Was it G20? Potholes? 67? Rage Bait? Corruption? What ‘Word of the Year’ really defined us in 2025?
South Africa (28 December 2025) – When PanSALB announced “G20” as South Africa’s Word of the Year, it felt like déjà vu. Another official choice that echoed the news cycle but not necessarily the lived experience of the country. People laughed, debated and disagreed, not because the term wasn’t relevant but because it didn’t feel like the heartbeat of 2025.
It didn’t sound like the queues, the WhatsApp groups, the Saturday volunteer shifts, the neighbours helping neighbours. And it made us wonder: if this is the word that’s supposed to define us, then who gets to decide what story we’re telling?
On the 23rd of December 2025, the Pan South African Language Board (PanSALB), in partnership with Focal Points, revealed that “G20” had been chosen as South Africa’s ‘Word of the Year’. After reviewing a shortlist that included ‘Government of National Unity’, ‘Tariffs’, ‘Femicide’, and the ‘Madlanga Commission’, the decision was framed as the result of metrics, trends and prevalence across media and public discourse. Given the scale of conversation around South Africa’s role within the G20 this year, it makes sense in a technical way. It is topical. It is politically significant. It was unavoidable in conversation.
But the question that kept coming up for us is, does topical always equal meaningful?
The reaction online suggested otherwise. The comments ranged from cynical to comedic, with South Africans questioning whether this word truly captured the essence of 2025.

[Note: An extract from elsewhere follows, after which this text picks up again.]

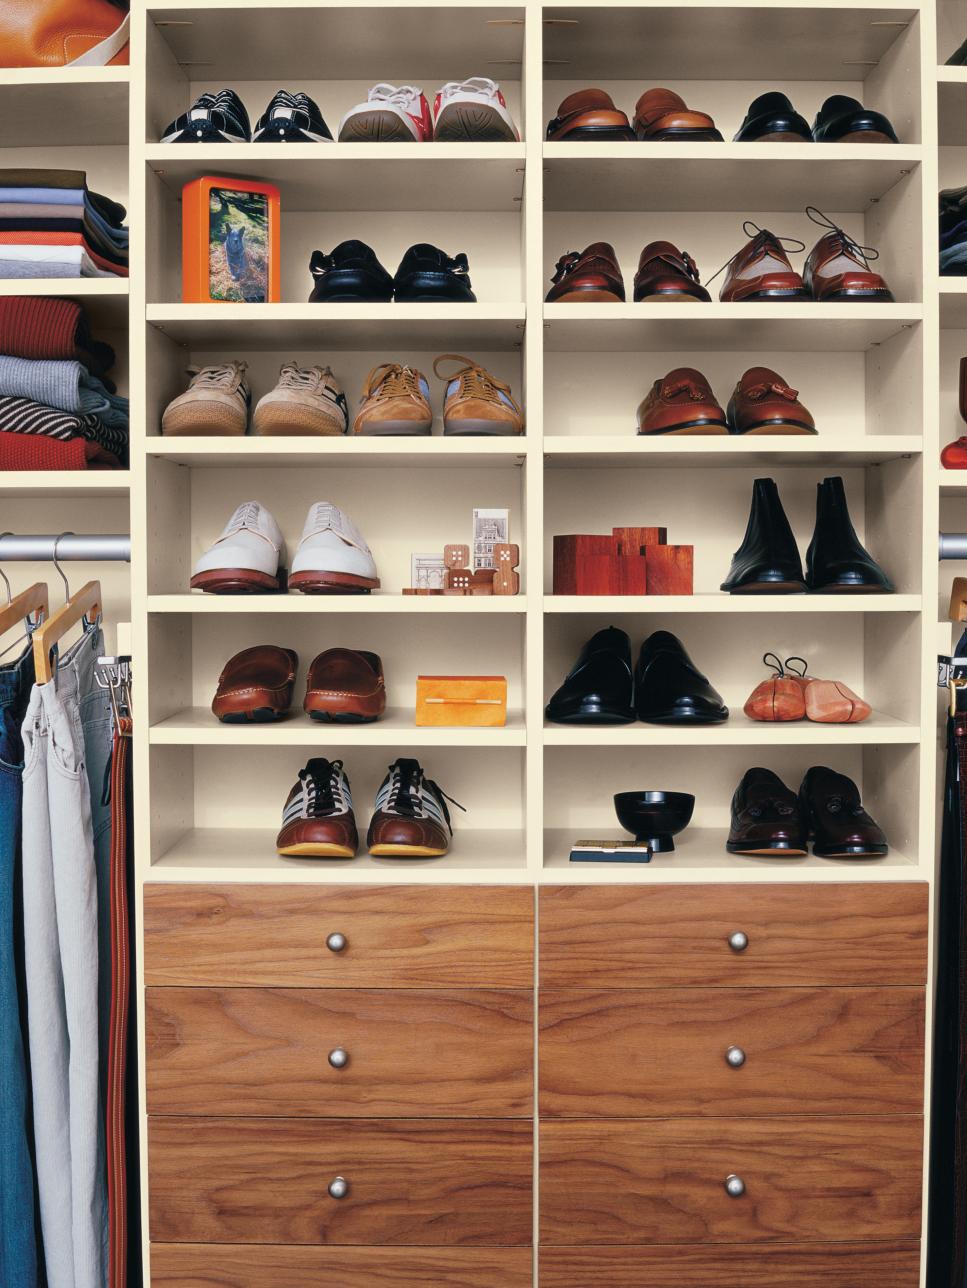 Zapatera  Closet shoe storage, Closet hacks organizing, Closet bedroom

“Seriously, who comes up with this kak?”
“Are you sure it’s not potholes?”
“Corrupt. That’s the noun and the verb.”
Some responses were humorous, some were hectic (things we cannot repost here), but most came from a place of wanting the story of South Africa to feel like it belongs to the people living it… not just the institutions reporting on it.
When you look back at the history of South Africa’s Word of the Year, a trend emerges. The selections lean heavily into political and social turmoil:
• 2017: State Capture
• 2018: Land Expropriation Without Compensation
• 2019: Zondo Commission
• 2020: Lockdown
• 2021: No official selection
• 2022: Load-shedding
• 2023: Russia-Ukraine
• 2024: No official selection
• 2025: G20
These words reflect where we have been but they rarely reflect who we are.
We broadened our view for a moment and looked at global language trends. Around the world, multiple dictionaries and language institutions made their own selections for 2025. There was no consensus but these were the leading choices:
• Dictionary.com: 67
• Oxford University Press: rage bait
• Merriam-Webster: slop
• Cambridge Dictionary: parasocial
All undeniably relevant and all revealing something about the world in 2025. But none of them felt like a fit for us. For South Africa. 67 maybe works. But does it really?
So, we turned inward. We opened our own archives. We revisited every story you sent us, every headline that moved you and every update that made the country pause. We scanned a year of Good Things Guy reporting with a single question in mind: If we could choose a ‘Word of the Year’ based on the good, based on the lived reality of kindness, courage and connection, what would it be?
That is when it started to appear. In schools and charities. In hospitals and sports arenas. In WhatsApp groups and crowdfunding pages. In the quiet corners where the news cameras never seem to go.
2025 was the year South Africans didn’t wait to be asked to show up for each other; they just did. It was the year we watched teenagers build apps to help their communities. Teachers used their own salaries to help pupils. Neighbours doing good things for neighbours. Volunteers giving all their time to others. Creatives shared platforms. Medical staff offered care long after shifts ended. Every day, people became lifelines for each other in moments where it mattered most.
Then something remarkable happened… the world noticed.
A global study by Remitly analysed generosity across 25 countries and found that South Africans ranked as the most generous nation on Earth, driven not by wealth, but by empathy and a deep sense of shared humanity. The data measured emotional support, community involvement, interpersonal care and “the willingness to put others first.” It cited an “instinctive sense of shared responsibility” and a culture where “quiet acts of support are deeply ingrained.”
When we placed that research alongside the stories we told this year, there was only one word that made sense.
Our Word of the Year is: Generosity.
Not as a trend or as a counter-argument. Not as a feel-good marketing exercise. But because it is the truest reflection of what we witnessed. It encapsulates the heart of this country more accurately than any policy term or geopolitical headline. It is the word that showed up without us looking for it. And then revealed itself everywhere once we did.
We are not pretending everything is perfect. We know the headlines. We feel the impact. We all face the same challenges. But we also walk among people who prove, again and again, that kindness is not conditional. That care is not cancelled. That generosity is not a luxury; it is a language spoken fluently here. If this year has taught us anything, it is that South Africa is not defined by what hurts us but by how we heal each other.
South Africans are the world’s most generous nation. That is a fact… and ‘generosity’ is our official 2025 ‘Word of the Year’.